It’s always been Sylvain’s job to step in at these moments, to smooth things over with a bit of flirting, some well-timed self-deprecation, or a mildly suggestive joke that would turn their frustration to him instead.

But there’s no amount of humor that can fix something like this.

Felix and Ingrid don’t look at each other once throughout the service; they don’t really look at anyone else either, though. Neither of them cries, either, even when Dimitri takes the priest’s place at the water-logged podium to deliver the eulogy. Anyone looking on might see their faces as a cold lack of emotion. But to Sylvain, who has known them both since before they were able to talk, it's anything but.

Felix stares off into the trees in the distance, scowling firmly as his eyes focus anywhere except the recently polished surface of the casket. Sylvain knows without looking that, inside the pockets of his dark jacket, Felix’s hands are balled into tight fists. And that the thin layer of fabric that insulates them from the frigid air might also be the only thing keeping Felix from swinging at the next thing that moves near his general vicinity. He’s been begging for a fight all morning, with anyone and anything unlucky enough to step within range; Sylvain, for mentioning the length of his hair in passing, Dimitri, for talking to Rodrigue in the parking lot, and Ingrid...

Well, at Ingrid for wearing the ring.

In oblivious contrast to Felix’s rage, Ingrid stands with a face as blank as chiseled stone, her gaze locked to the wreath of flowers placed on the casket lid. She fiddles absently with the ring on her left hand, turning the contested gold band over and over around her finger. Sylvain doubts that she’s even aware she’s doing it, but the movement draws the attention of everyone standing nearby like some kind of beacon.

There are too many other people here. A woman somewhere near the back of the crowd is sobbing loudly. The sound of it mingles with the droning words of the priest as he chants something that Sylvain should probably know in monotone Latin; Felix snorts derisively at the sound of her grief. Tradition dictates that he should be standing at the opposite side of the grave, next to Rodrigue, but one look at Felix’s face and none of them had felt like pressing the issue. Dimitri, still wrapped in bandages, stands beside Felix’s father instead, a hand placed in comfort on his shoulder.

The entire tableau is telling.

But what exactly it’s saying about them all?

Not even Sylvain knows the answer to that.

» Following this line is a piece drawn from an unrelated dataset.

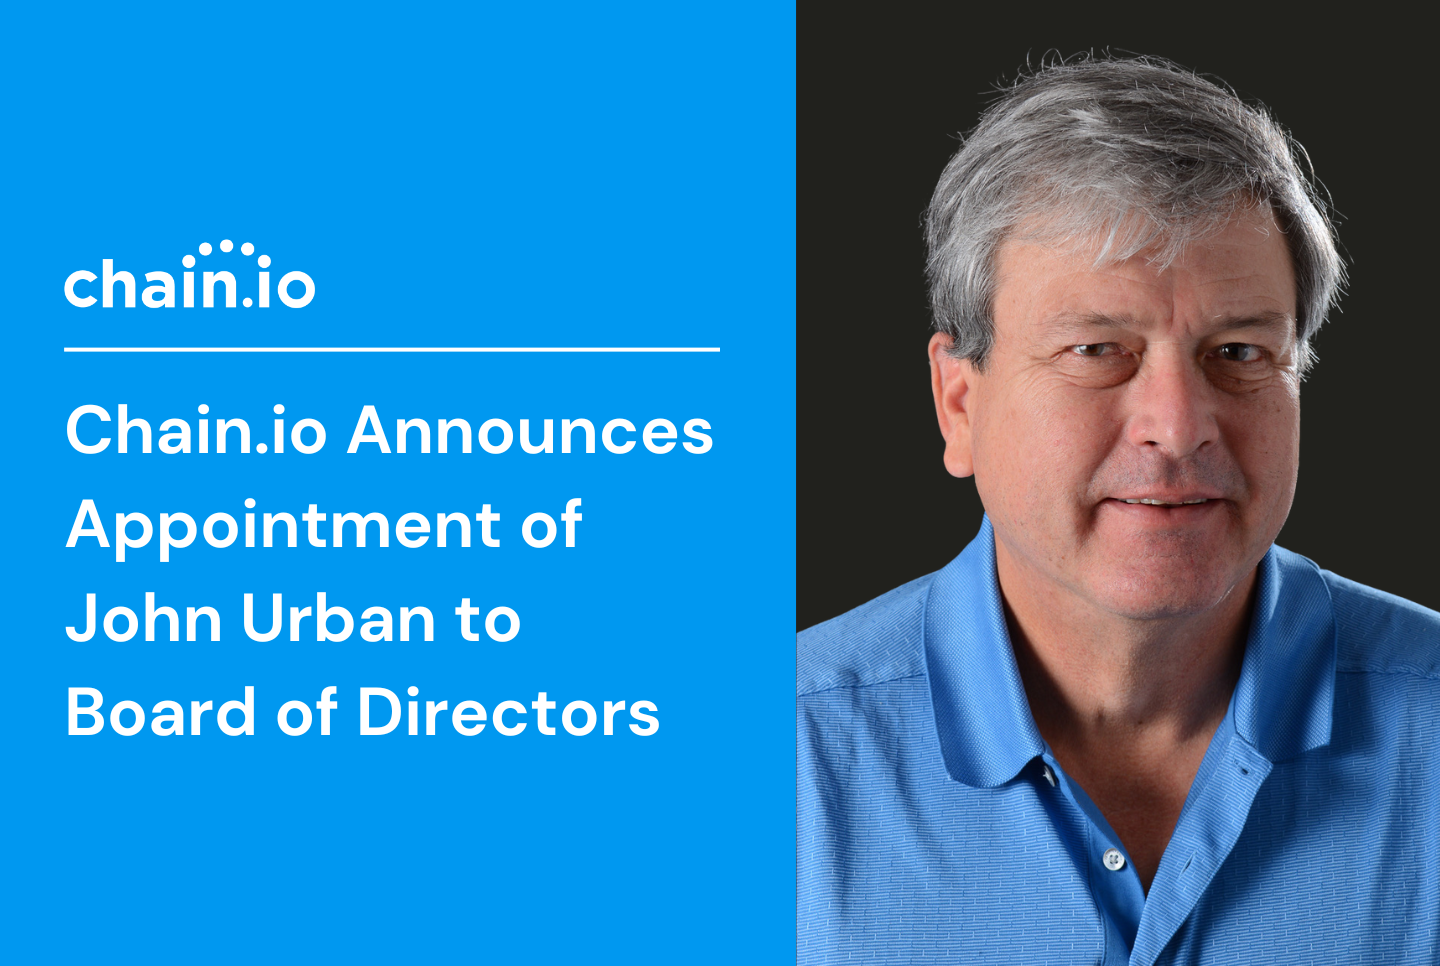 Chain.io Announces Appointment of John Urban to Board of Directors
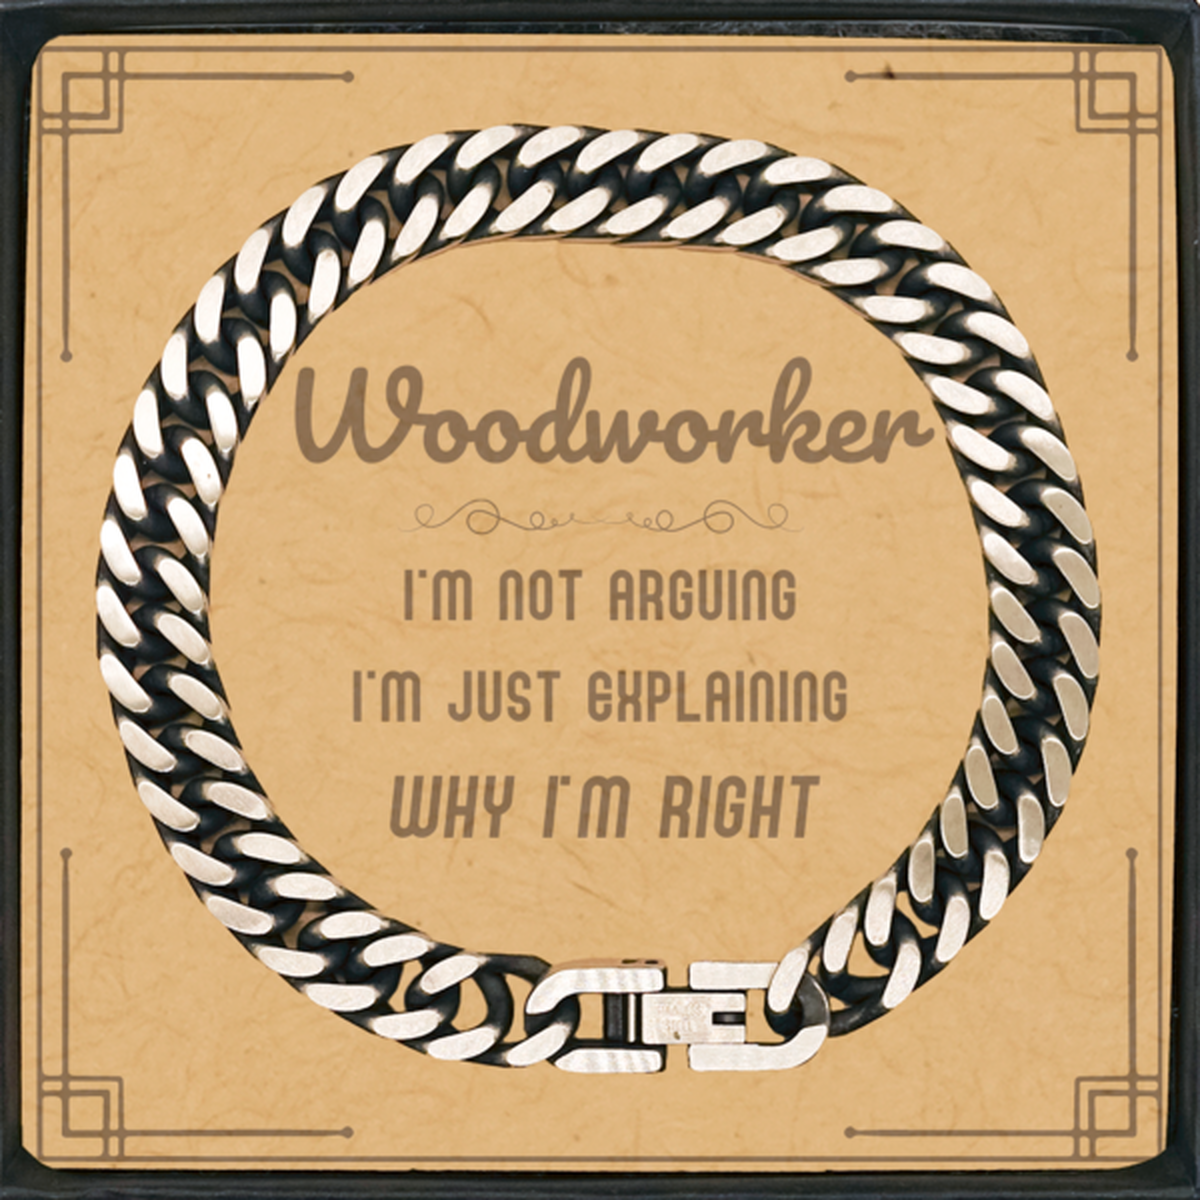 Woodworker I'm not Arguing. I'm Just Explaining Why I'm RIGHT Cuban Link Chain Bracelet, Funny Saying Quote Woodworker Gifts For Woodworker Message Card Graduation Birthday Christmas Gifts for Men Women Coworker

The whole week feels like something out of a bad dream. The kind that starts off normal, but slowly falls apart as it goes along, until you wonder how you could have ever missed it for what it really was. Things had been fine, because he’d seen Glenn less than a week ago, still lecturing Dimitri on the proper way to hold a lacrosse stick from his hospital bed while a doctor in a stark white coat chided him about taking it easy when he got home. Felix had been fuming quietly at Sylvain’s side. Things had been fine, because everyone, even the doctors, thought that Glenn had gotten through the worst of it with nothing but a few broken bones in his leg. But in a matter of a few short hours, things had gone from fine to... well, to _this_.

Sylvain was sleeping when it happened, soundly enough that he’d barely heard the sound of pebbles clattering against the glass of his window through all the rain. It was a miracle, really, that the pane hadn’t broken under the onslaught. When he’d finally opened the window, pulling a shirt over his head as he leaned out, he had found Felix standing in the yard, soaked and blistered from walking the five miles that separated their houses in the pouring rain.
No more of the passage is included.